Congé de reclassement : comment en bénéficier

Certains salariés de grandes entreprises, concernés par une procédure de licenciement pour motif économique, peuvent se voir offrir le droit à un congé de reclassement. Au cours de cette période, une cellule de reclassement propose aux salariés des actions de formation et d'accompagnement dans ses démarches de recherche d'emploi.

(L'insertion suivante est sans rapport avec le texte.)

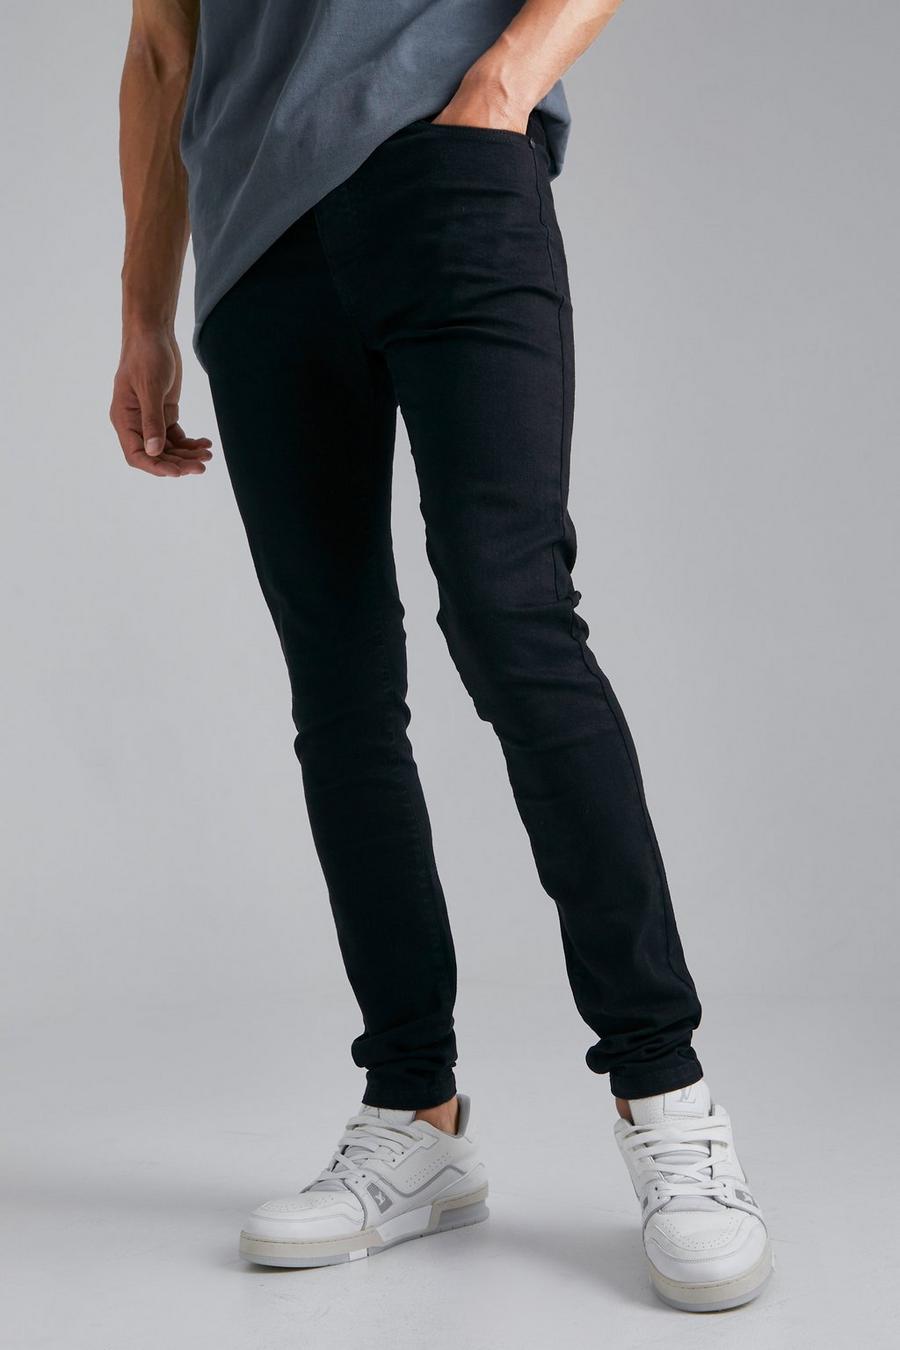 שחור אמיתי ג'ינס סקיני נמתח לגברים גבוהים image number 1
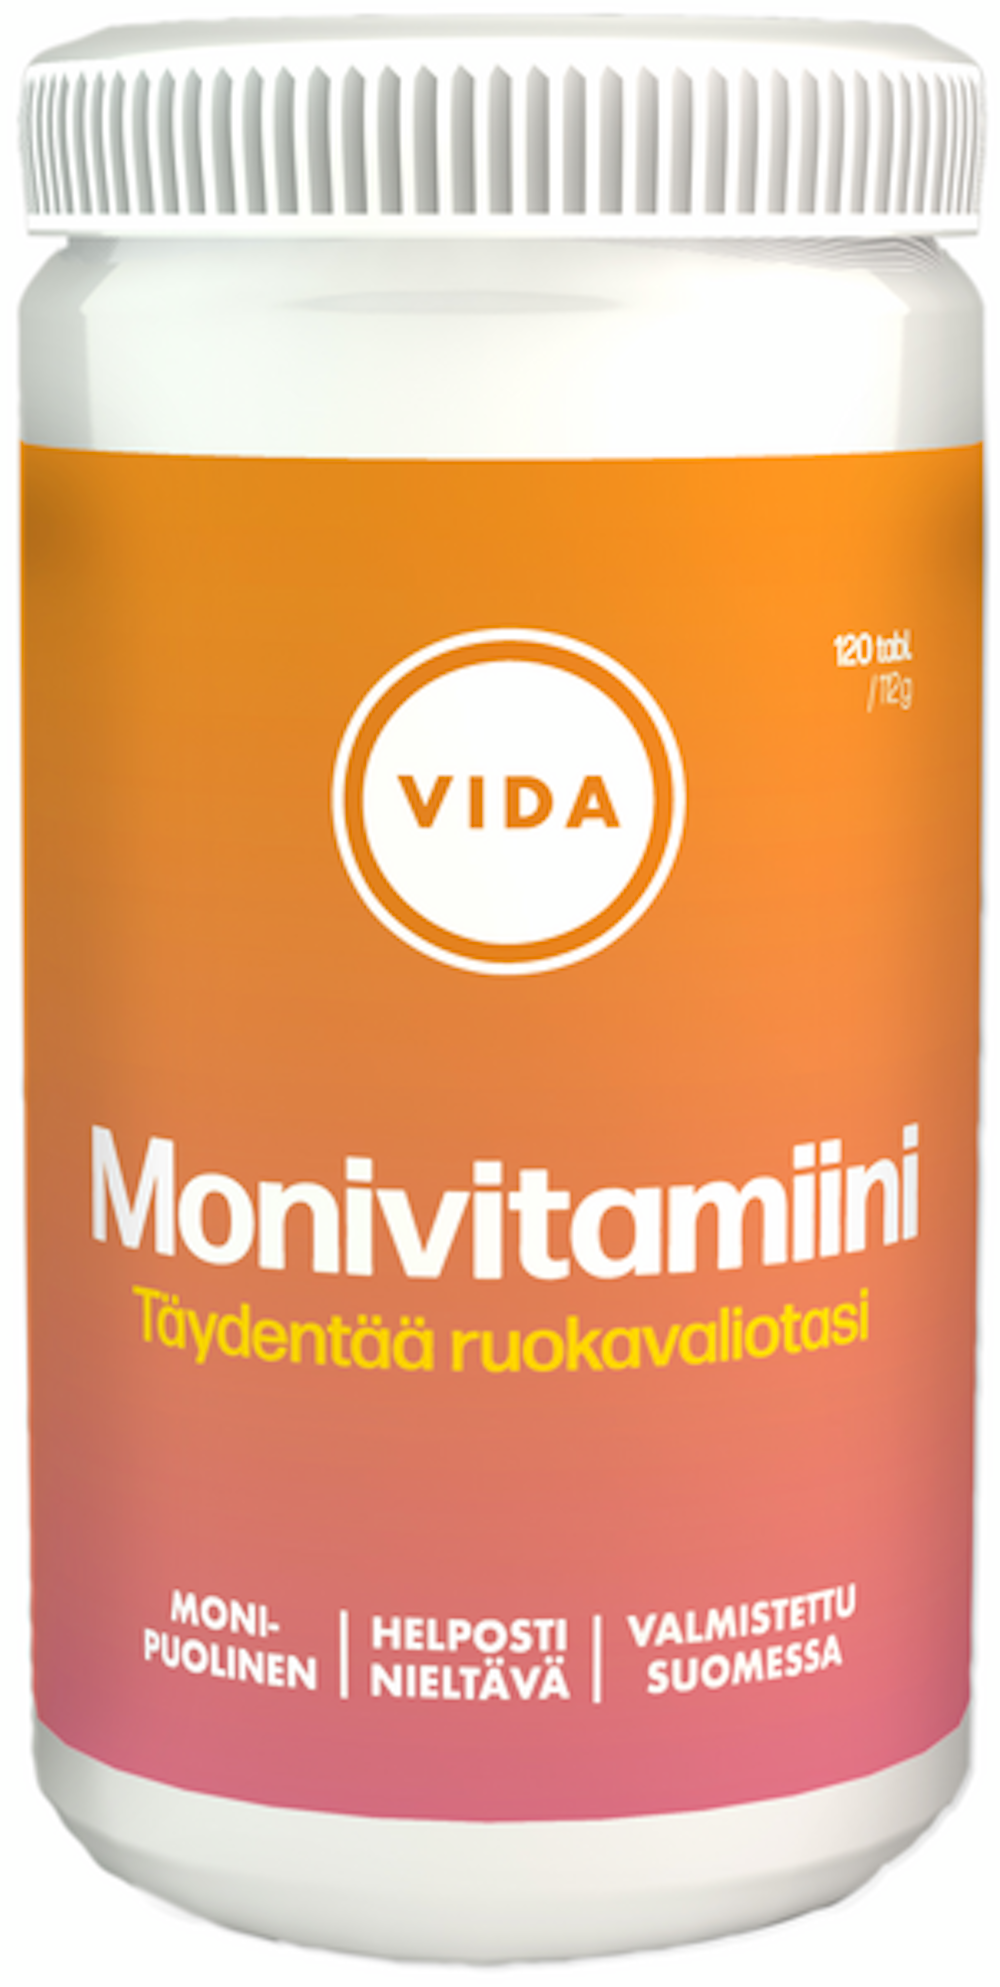 Vida Monivitamiini 120 tablettia 112g Ravintolisävalmiste — HoReCa-tukku  Kespro

Qu'est-ce que le congé de reclassement ?

Le congé de reclassement est une période d'aide au reclassement professionnel. Il est animé par une cellule d'accompagnement aux démarches de recherche d'emploi également chargée d'offrir les actions de formation nécessaires au salarié. Dans cette démarche, il peut permettre de valider les acquis de l'expérience. Il est financé par l'employeur.

Quels salariés peuvent prétendre au congé de reclassement ?

Le congé de reclassement est un droit accessible à tout salarié employé dans une entreprise de plus de 1 000 salariés et directement menacé de licenciement pour motif économique.
L'employeur n'est cependant pas contraint de proposer le congé de reclassement à chacun des salariés concernés par le licenciement pour motif économique si son entreprise se trouve en redressement ou liquidation judiciaire.
Selon certaines conditions, il peut également choisir de proposer à ses salariés un congé de mobilité. Si les salariés l'acceptent, le congé de mobilité remplace alors le congé de reclassement.

Quelle est la procédure d'acceptation du congé de reclassement ?

L'employeur a pour première obligation la transparence de l'information auprès des salariés concernés par la procédure de licenciement et l'explication sur la mise en oeuvre du congé de reclassement. Cette information doit faire l'objet d'une réunion des représentants du personnel ou d'un entretien préalable.
Par la suite, la lettre de licenciement doit faire mention de ce droit et proposer un délai de réflexion de 8 jours calendaires. En l'absence de réponse du salarié, le droit au congé de reclassement est abandonné. Si en revanche il l'accepte dans les délais, le salarié débute officiellement son congé de reclassement à l'expiration des 8 jours. Un entretien d'évaluation et d'accompagnement au sein de la cellule de reclassement mise en place par l'entreprise va enfin permettre la détermination du projet professionnel de reclassement du salarié, ainsi que ses modalités de mise en oeuvre. Le salarié dispose à nouveau d'un délai de 8 jours pour accepter ou refuser le projet d'accompagnement élaboré par la cellule.

Quelle rémunération ?

Pendant le congé de reclassement, le salarié perçoit de la part de son employeur sa rémunération habituelle. Si la durée du congé dépasse celle du préavis, le salarié perçoit une allocation fixée à 65% du salaire moyen perçu au cours des 12 derniers mois précédant la notification du licenciement.